Where bout in ga are you.


----------



## whitworth (Mar 13, 2010)

*Perhaps a discovery of an important study*

Maybe during a recession, dog lover can't help feeding fido, anything less than the filet mignon, priced dog chow.  Even if fido doesn't say how much he enjoys the high priced food. 

Of course, some might wonder what a filet mignon for humans was even about.  Ah, the insanity of it all.


----------



## Jeremiah Glaze (Mar 14, 2010)

gemcgrew said:


> I will switch to Old Yeller and report back. I have been feeding Ol Roy with no problems but am always looking for something cheaper.
> 
> I have mentioned this before, an old vet told me one time that as far as hounds are concerned, the cheaper the dog food the better.

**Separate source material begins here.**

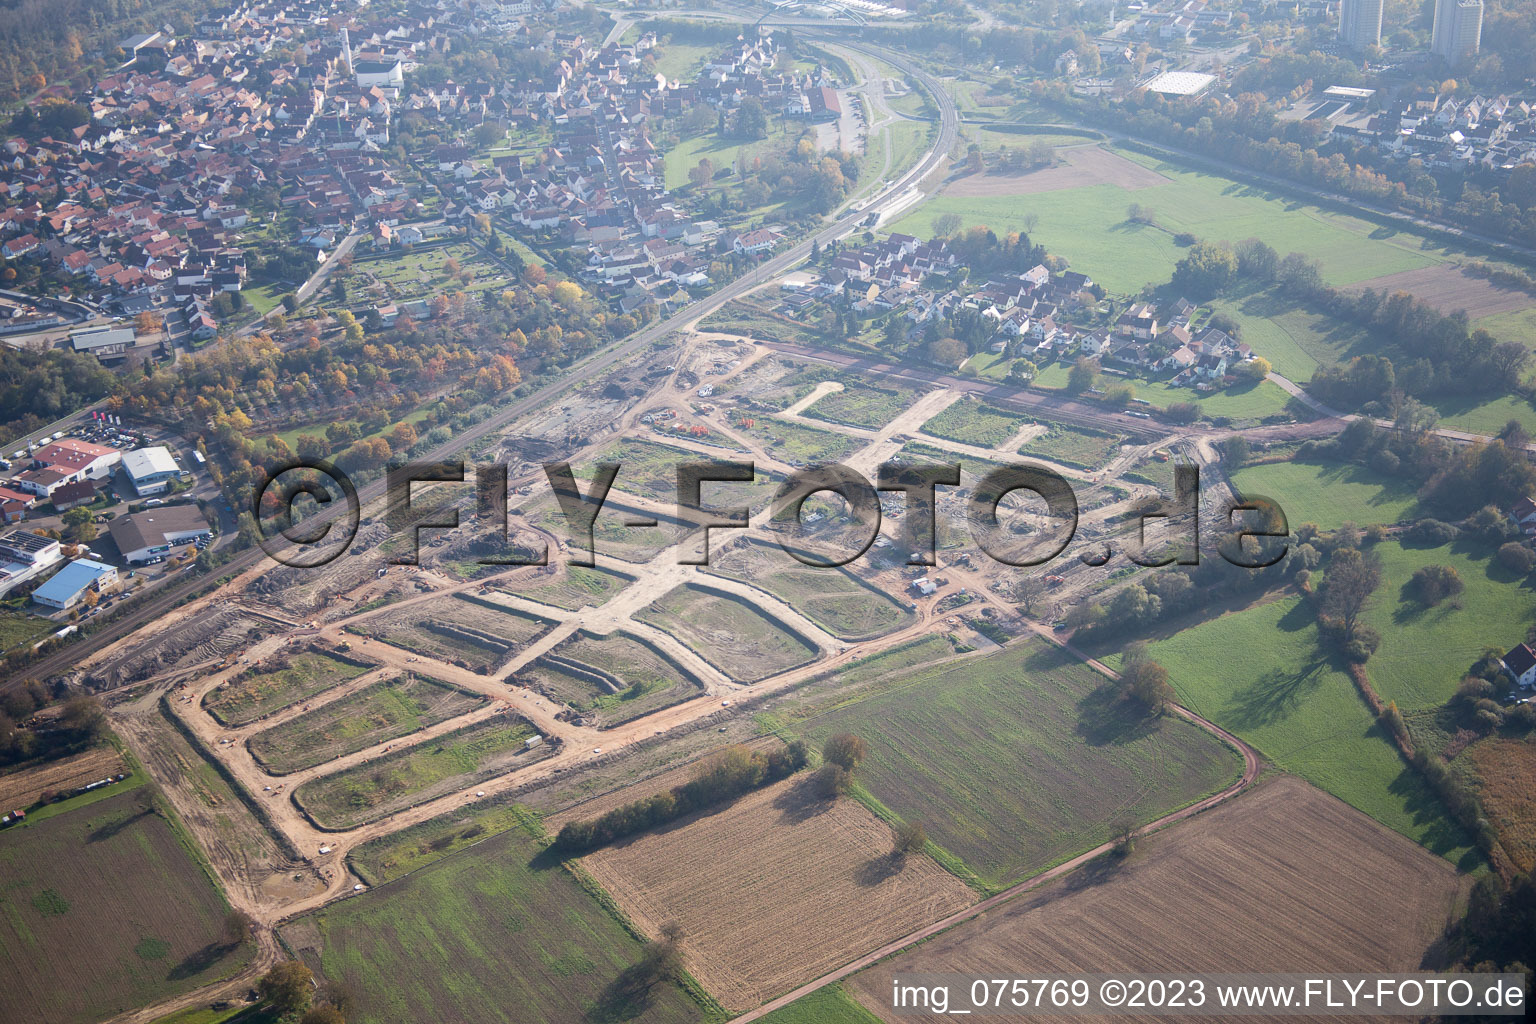 Oblique view of Niederwiesen new development area in Wörth am Rhein in the state Rhineland-Palatinate, Germany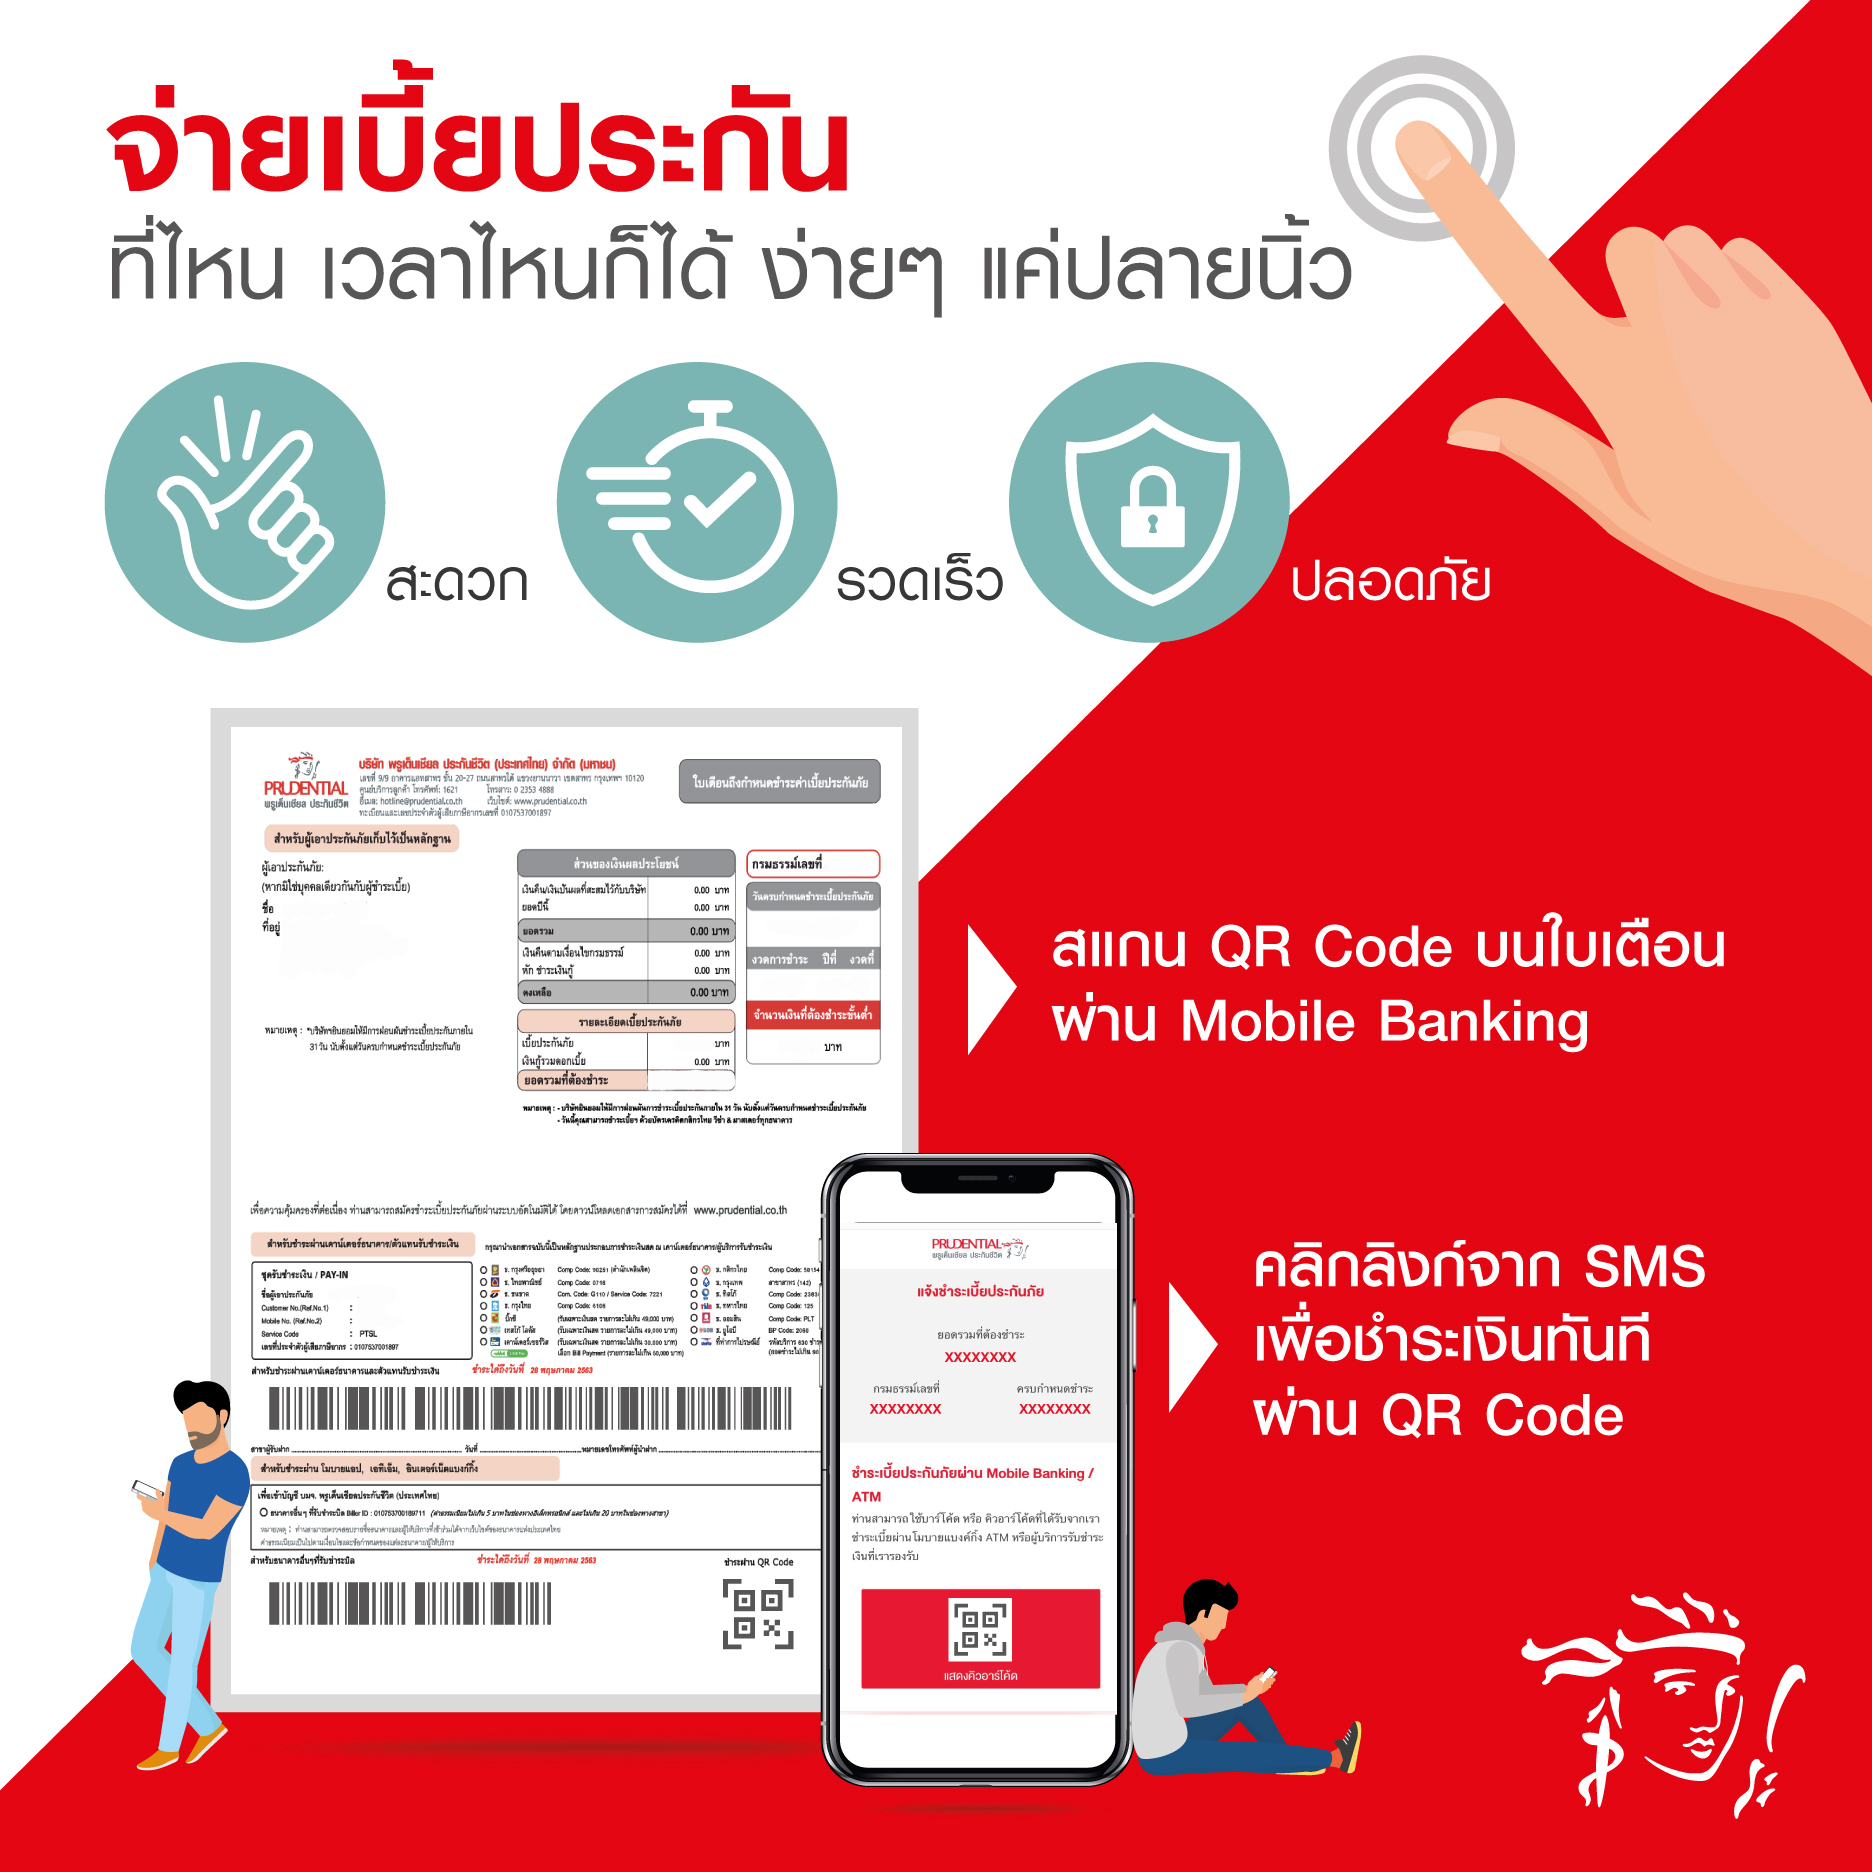 พรูเด็นเชียล ประเทศไทย เปิดตัวบริการเคลมออนไลน์ (e-Claims) อีกระดับของความสะดวกสบายในการเรียกร้องสินไหมทดแทน

careful feeding all that cheap feed, its full of corn and wheat n other fillers that are ruff on a dogs kidneys...u have a couple die in their prime 5 to 6 years old due to kidney failure you'll move to something else..Ol Roy is about the worst thing or was several years ago you could give an animal, vet told me dog would be better off fending for himself!!! you get what you pay for...but also some of these prices are gettin rediculous...Pro Plan is high but is a great feed and is I  would say worth the money but hard to give when youre feeding 4 or 5 hounds....I like Black Gold and have always fed it and been satisfied but Im just not gonna give $30 a bag for it at the present time...I recently switched back to Diamond to give it its 3rd and final try..after several years and people claiming it changed, I tried 3 bags adn am still convinced its garbage...mine are falling off in muscle andfat eatin double and could poop through a straw and never hit the sides...same cheap crap its always been....now fellas when you switch feeds you are gonna have to give it a bag or 2 to let dogs stomachs adjust to it before u really notice a difference (good or bad)....now Im looking into Sport Mix and Ultra advantage...the Showtime feed is a good feed I fed it for a while just cant find it around here anymore...probably the most compareable Ive found so far to BlackGold...very very similar...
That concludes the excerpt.